Столь же спокойны были и космонавты. Они рассматривали полет как своеобразный экзамен, проверку своих знаний, сил, нервов. Люди молодые, они не раз сдавали разные экзамены, и этот психологический настрой для них тоже не был чем-то совершенно непривычным. Они не могли представить себе, какую бурю восторгов на всех континентах планеты вызовет первый старт человека в космос. Знай они
Гагарина всегда отличало исключительное самообладание, и никто не помнит, чтобы до самого момента старта он как-то выдал свое волнение. Впервые встретившись с ним в Крыму летом 1961 года, я первым делом спросил его, действительно ли он спокойно спал всю ночь перед стартом. Я допускал, что у него не было сомнений в совершенстве техники. Допускал, что он чувствовал себя хорошо подготовленным к полету. Пусть это был просто экзамен, но ведь экзамен высшей трудности, а все знают, что перед трудным экзаменом нелегко заснуть. Гагарин задумался, потом пожал плечами и сказал с улыбкой:
— Так ведь надо было обязательно выспаться. Ведь предстоял трудный день…
Да, этот день был трудным для Юрия Гагарина. Впрочем, не только для него…
Первый полет человека в космос длился всего 108 минут— не так уж и много. Выполнял его один космонавт. Но никто никогда не подсчитывал, да и нельзя было подсчитать всех участников этого полета. Вместе с Гагариным по звездной дороге шагали ученые, конструкторы космического корабля и ракеты-носителя, металлурги, давшие им легкий и прочный металл, химики, отыскавшие лучший вариант топлива, прибористы, давшие жизнь электронным мозгам приборов, строители, поднявшие в казахских степях звездные причалы стартовых комплексов. Да разве можно назвать всех! Разве не — было с ним в полете девушки, собиравшей черную смородину, чтобы попробовал он впервые в истории попить сок в настоящей внеземной невесомости. Гагарина отправила в полет вся страна, потому что любой человек, который честно выполнил свой долг и делал свое дело, помогал Гагарину.
Читатели журнала, пограничники, понимают, конечно, что и их верная служба, их вечный дозор, покой людей, который они охраняют, возможность спокойно работать, которую они дают этим людям, — все это тоже делает их участниками исторического свершения 12 апреля 1961 года.
108 минут… И двух часов не прошло, как он вернулся на родную землю. Ясно светило солнце, где-то далеко трещал трактор. Вернулся!
А потом началась невероятная счастливая круговерть: цветы, объятия, поцелуи, телефонные звонки, сотни людей, которые тянули к нему руки. Он еще не понимал до конца, что же это такое он сделал сегодня. Он устал и был счастлив. Оттого, что выполнил все, чему его учили и чего вместе с ним так горячо хотели десятки, сотни дорогих ему людей. Он знал, что выполнено очень важное задание, но в тот день он не думал о том, что вся космонавтика, вся мировая ракетная техника вступили в новый этап своего развития. Не до того ему было…

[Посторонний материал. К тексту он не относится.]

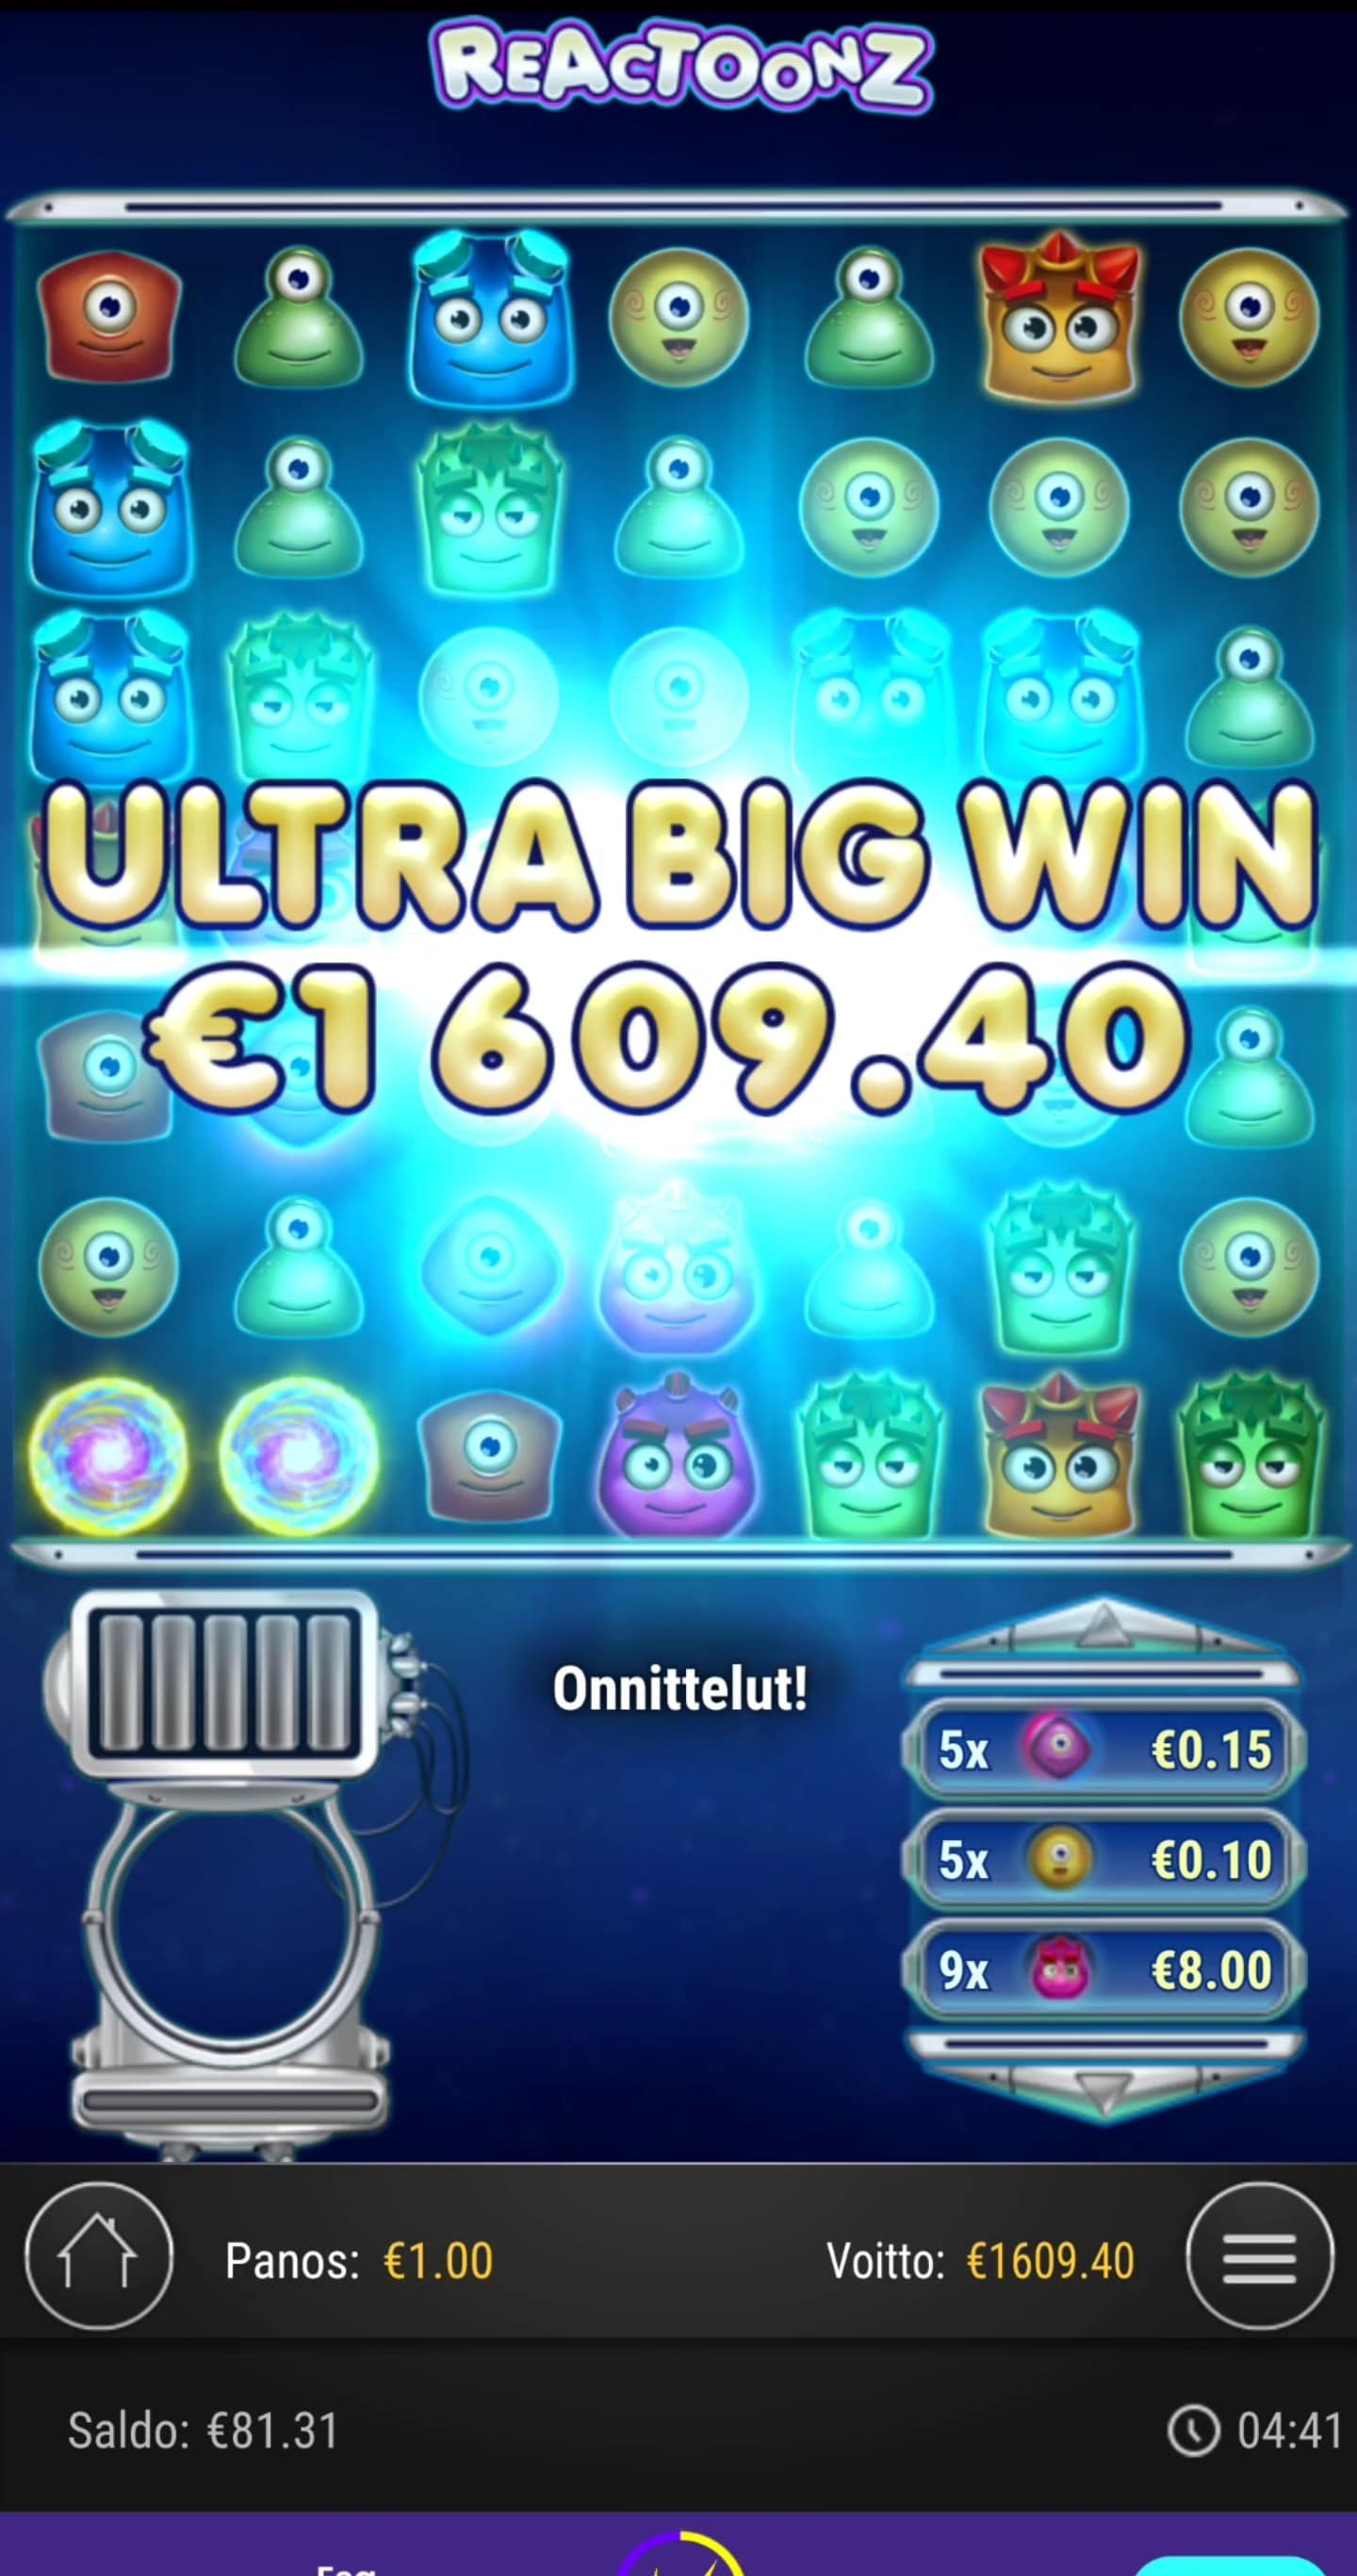 Reactoonz Casino win picture by Salatheel 1.1.2021 1609.40e 1609X Wildz
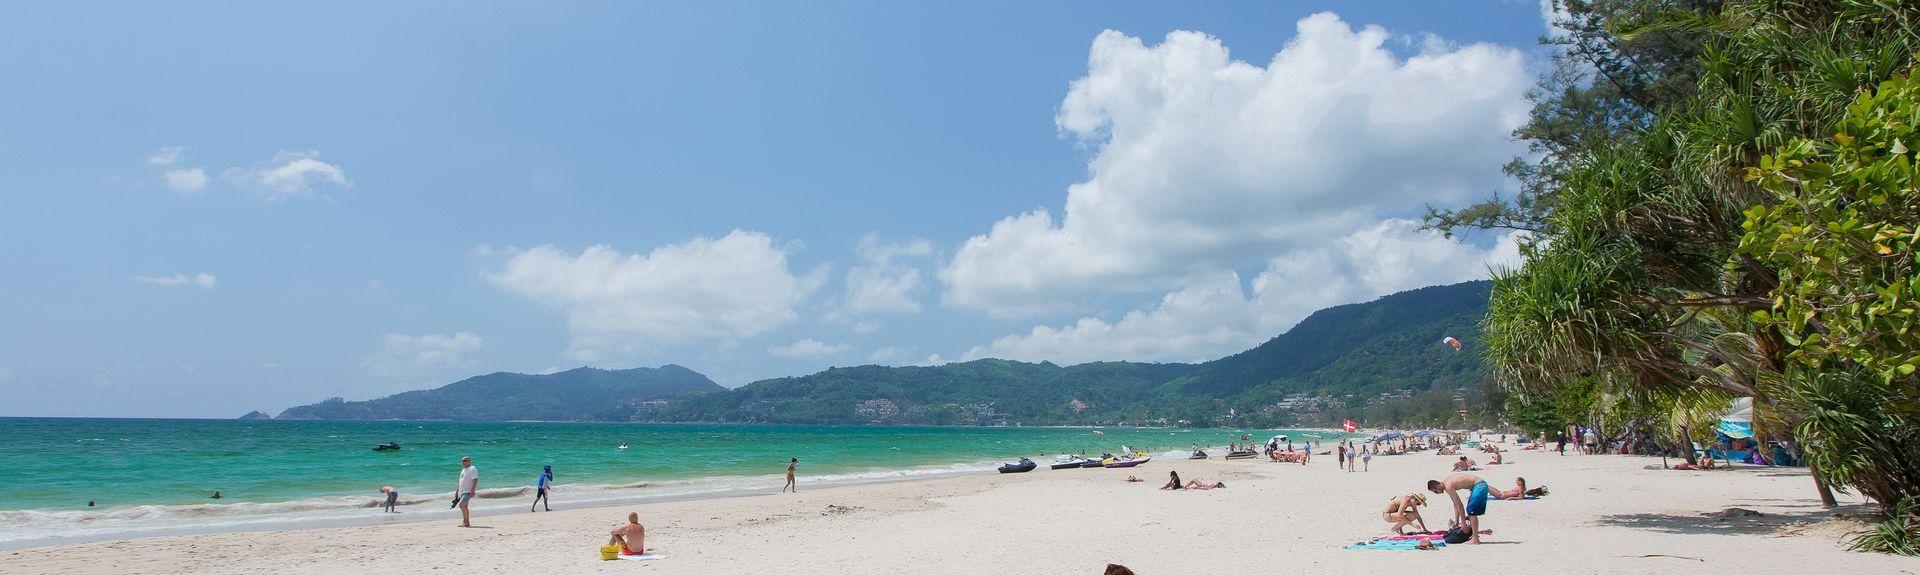 Kata Beach, Karon, Phuket (provins), Thailand

Он ясно представлял себе, что все мы — Советский Союз — снова, в который раз уже подтвердили свое лидерство в космических делах, что полет его, Гагарина, событие политическое.
Он не знал в тот день, что мама уже в Москве и что его наплакавшаяся, изволновавшаяся сверх всякой меры любимая Валя, устав от слов и людской ласки, слез и тостов, уснула наконец и улыбается во сне.
Первый и единственный в истории человек, совершивший кругосветное путешествие меньше, чем за два часа, спал на берегу Волги. Конечно, много всяких опасностей подстерегало Гагарина на его звездной дороге, но, повторяю, не в этом дело. Он родился заново, чтобы прожить свою вторую жизнь, такую, горько короткую и такую прекрасную, так нерасторжимо соединенную, спаянную с его первой жизнью, из нее родившуюся и все-таки — вторую.
Он проснулся, сразу все вспомнил и засмеялся. Скорее каким-то инстинктом, чем умом, понимал он, что с этого утра начнется что-то Очень интересное, но плохо представлял себе, что же именно… Свершилось невиданное, и естественная человеческая логика предполагала, что он, это свершивший, тоже необыкновенен. Но все, встречавшие его сразу после приземления, отмечают его природную простоту, какую-то отрешенность от только что совершенного подвига. Поэтому он восхищал и разочаровывал одновременно.
Человек военный, за годы своей службы в ВВС он научился органично, безо всякой внутренней ломки мудрости и логике армейской дисциплины и подчинялся ей без принуждения. Сейчас, окруженный людьми самого высокого ранга, он испытывал некоторую робость главным образом от их постоянного ласкового внимания, радушия и непривычной, даже в какой-то степени противоестественной почтительности к нему.